Assigned task:
Below are some entries. Transcribe the lines from the one holding "Energy Storage Development" to the one holding "Image: Vergleiche Techniser", inclusive, but not the pictures among them.

Materials provided:
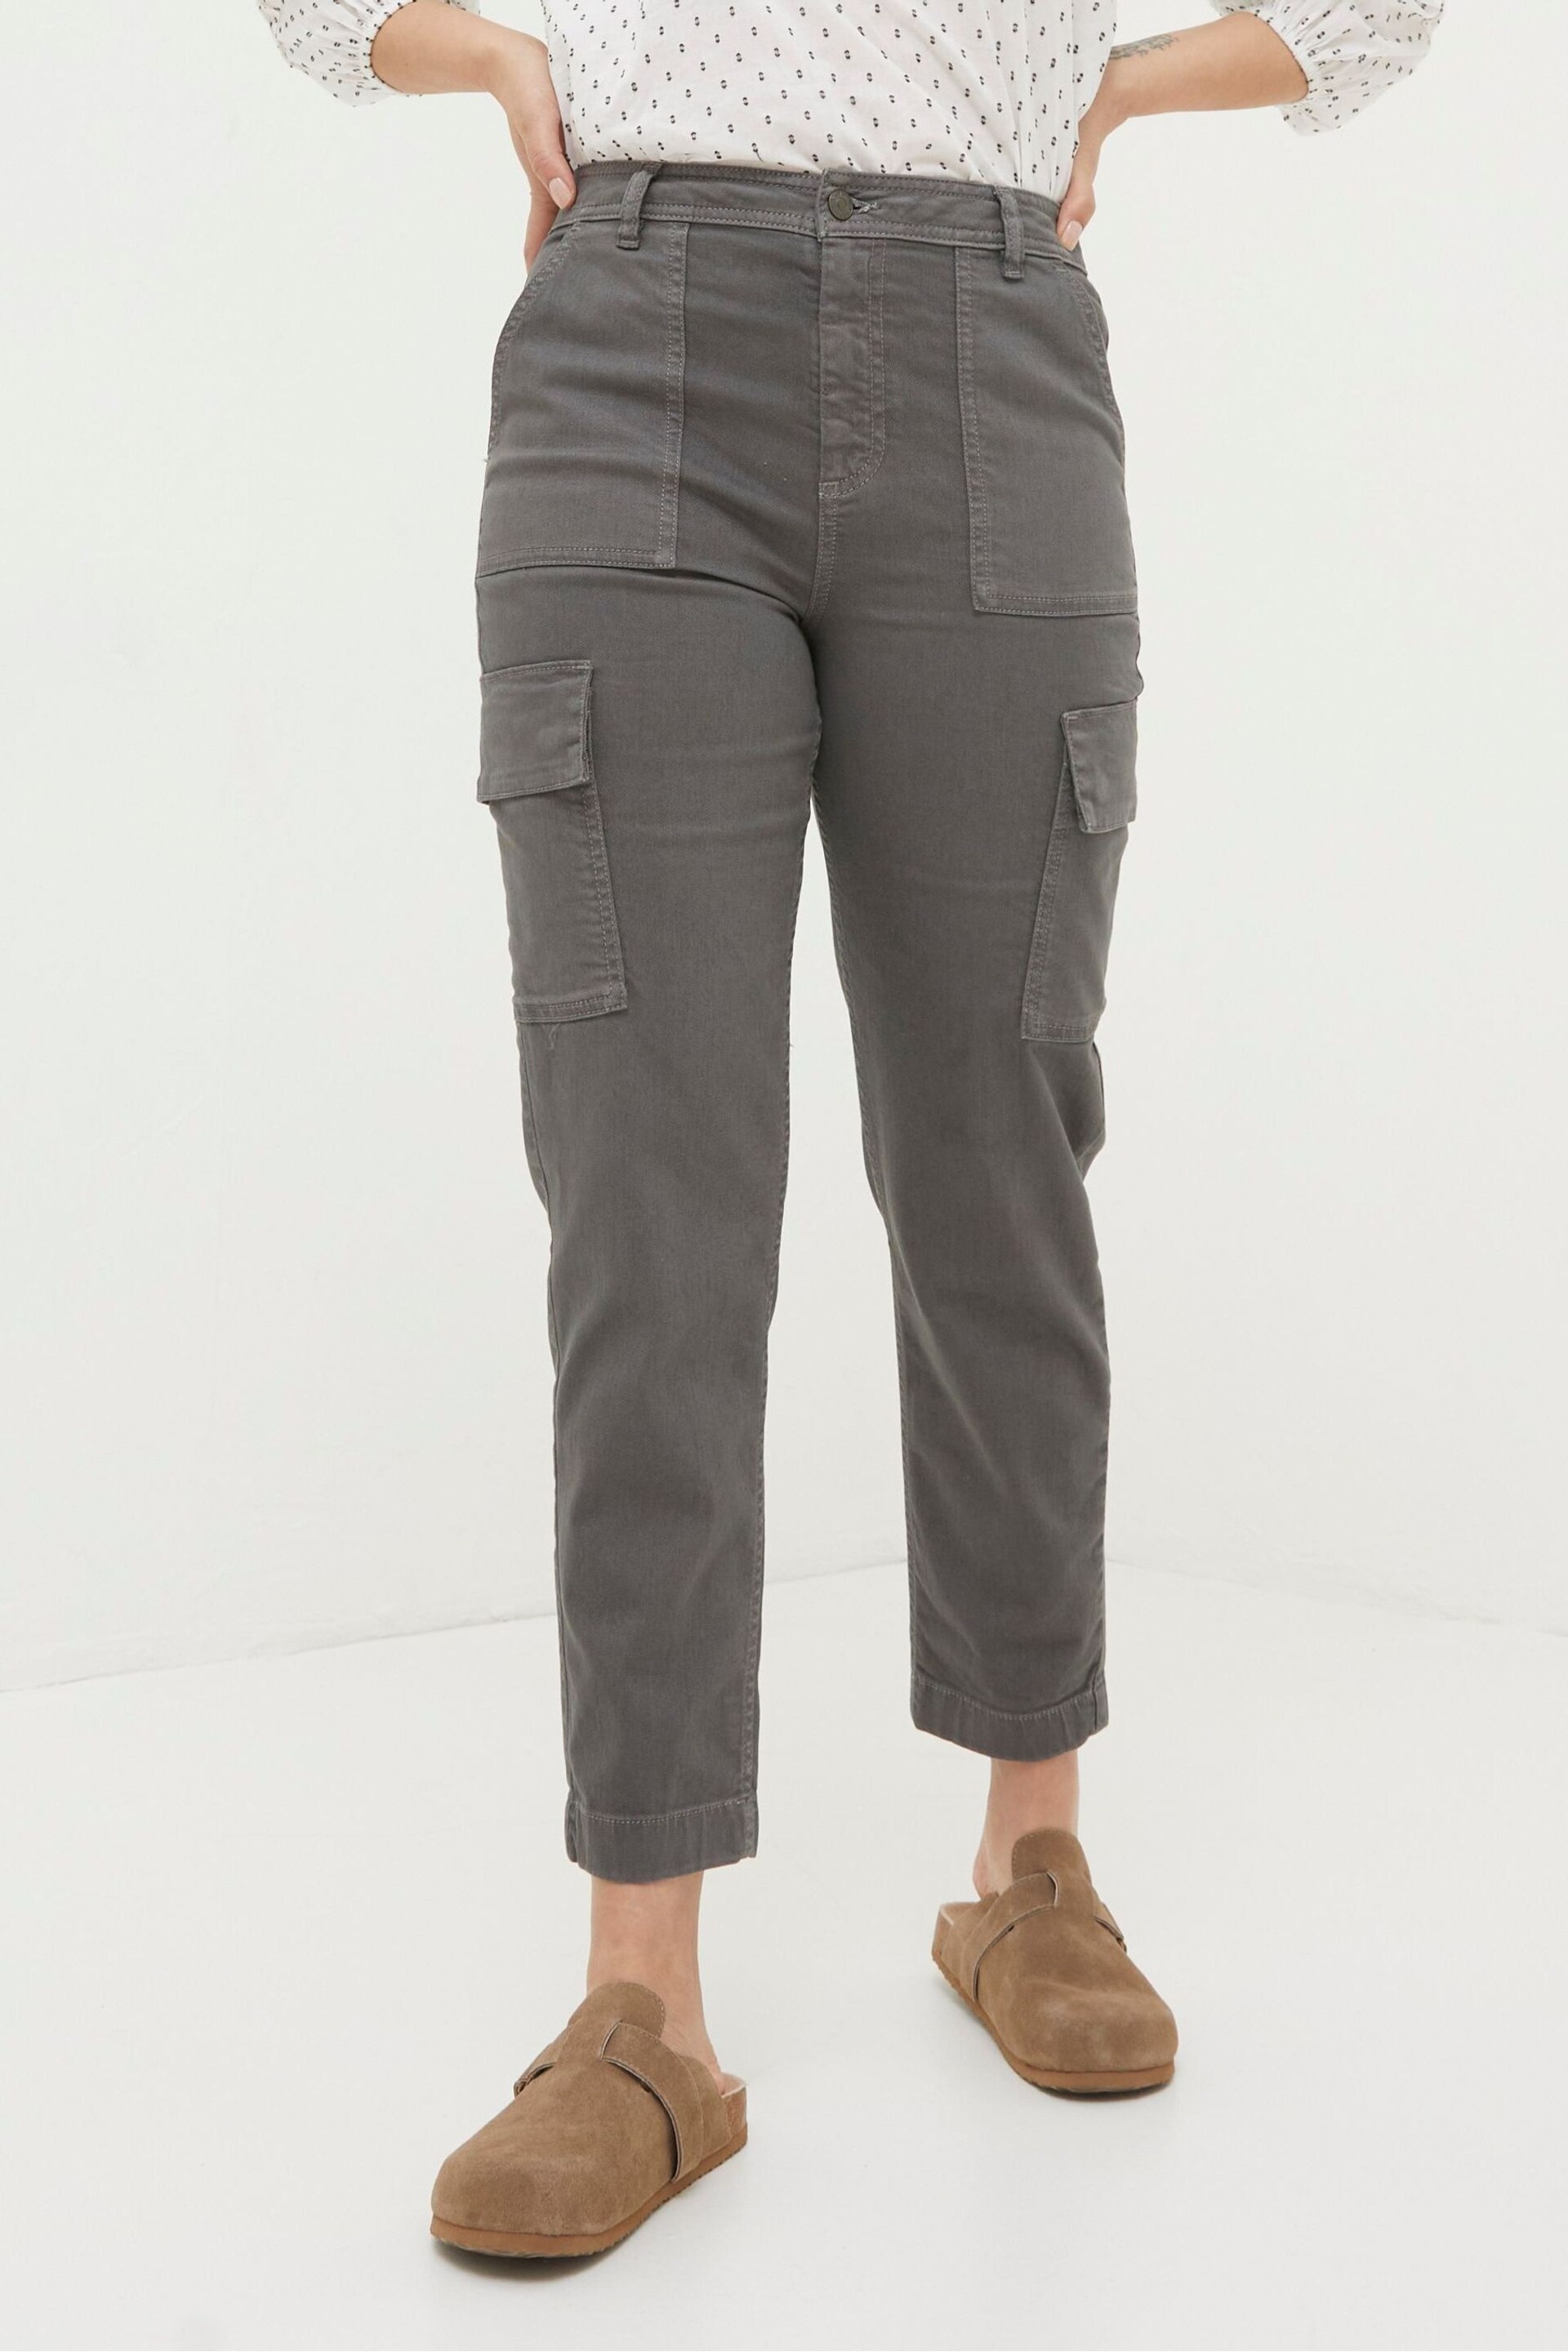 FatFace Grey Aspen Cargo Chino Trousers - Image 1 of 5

--

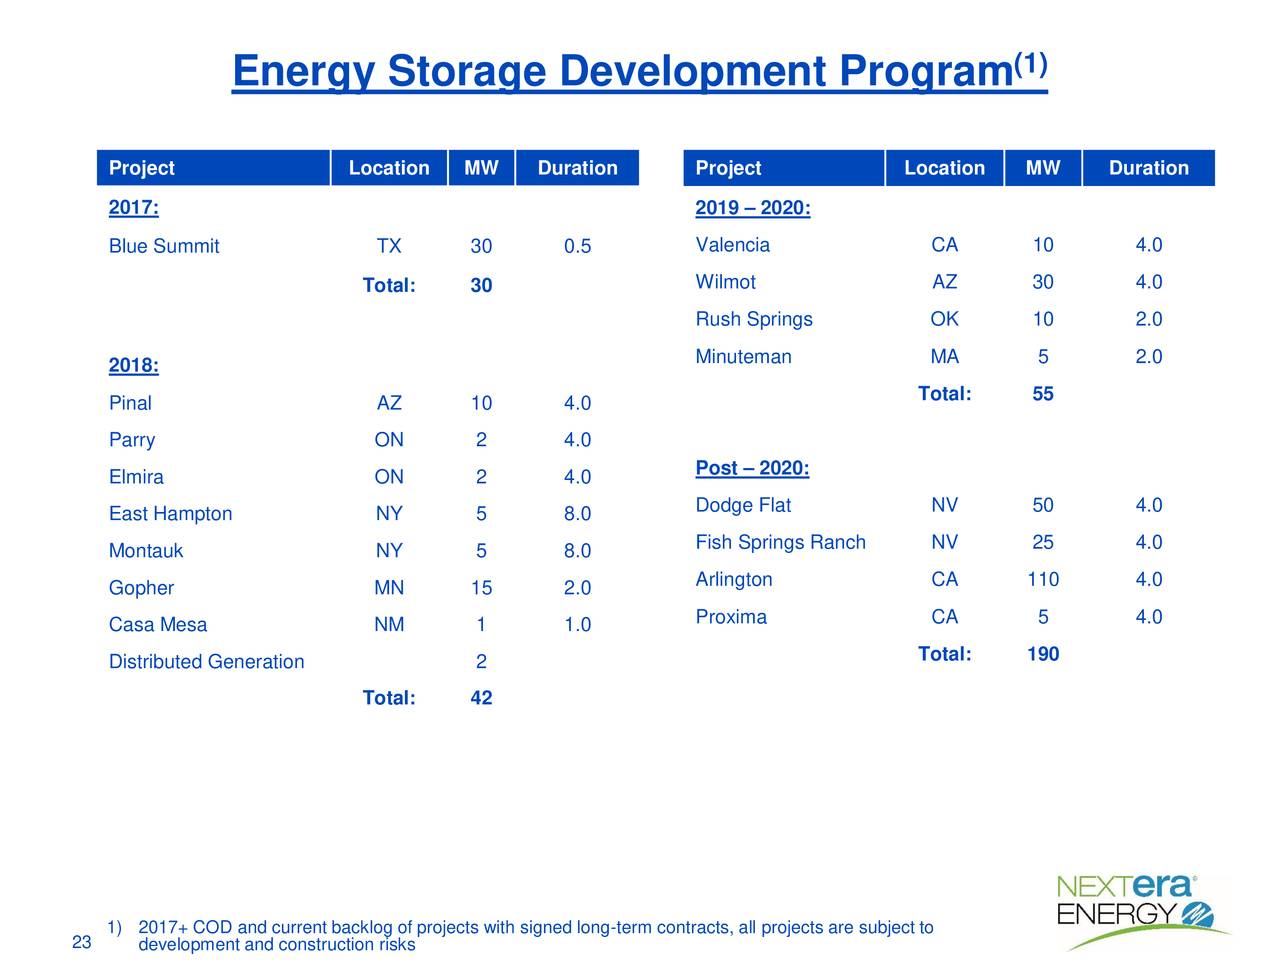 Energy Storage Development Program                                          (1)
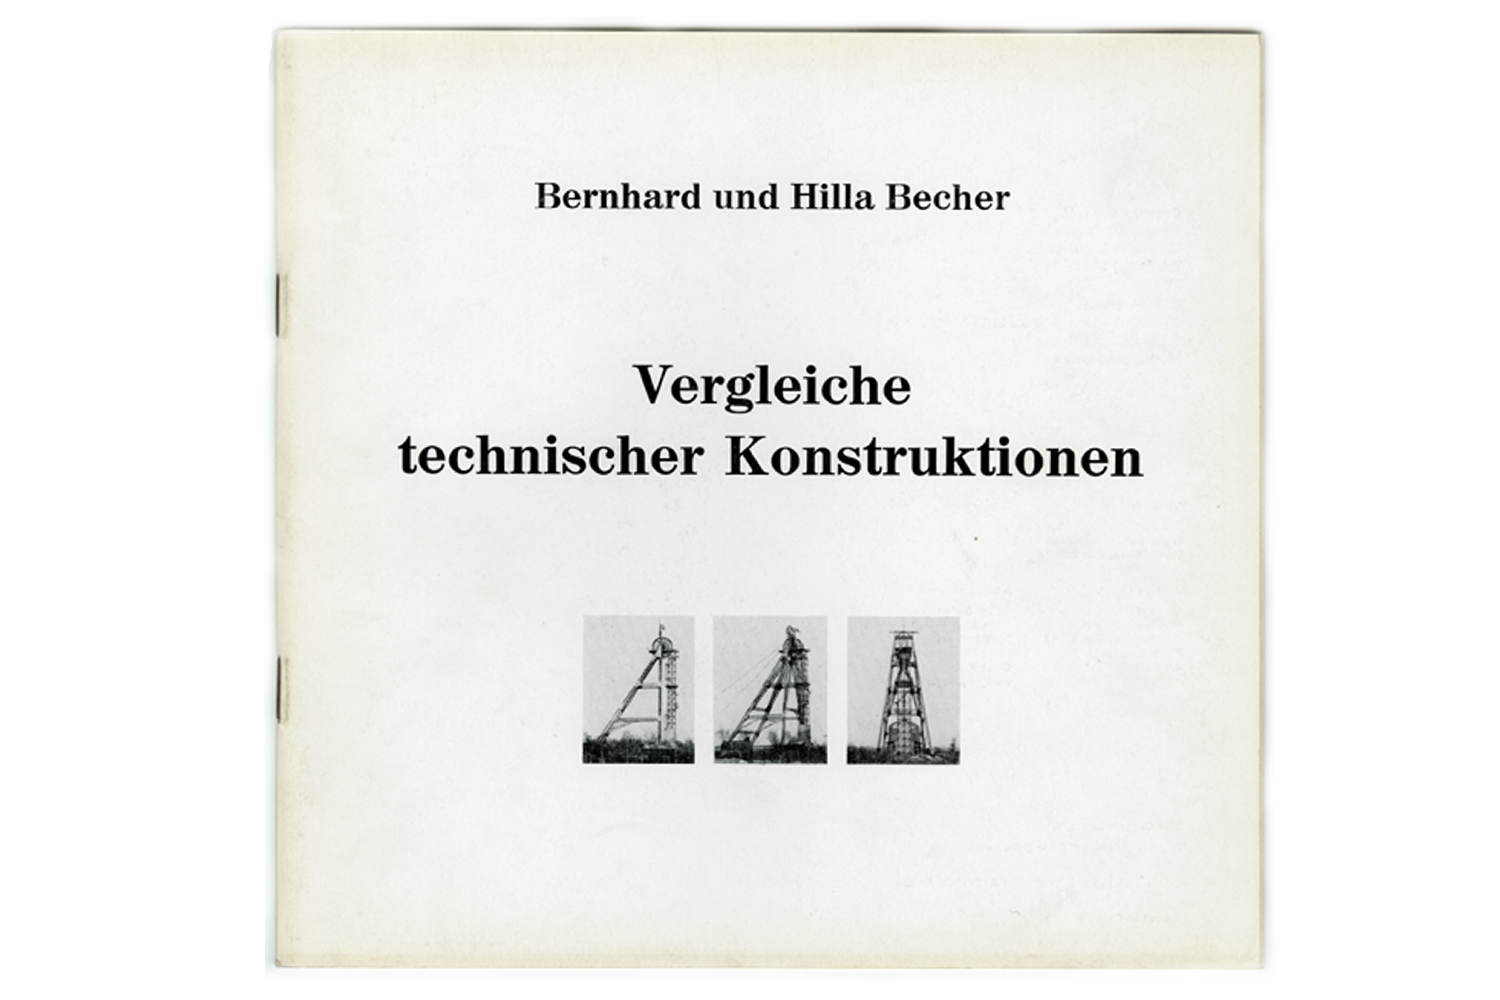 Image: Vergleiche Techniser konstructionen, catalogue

Exercise answer:
 Energy Storage Development Program                                          (1)
 Image: Vergleiche Techniser konstructionen, catalogue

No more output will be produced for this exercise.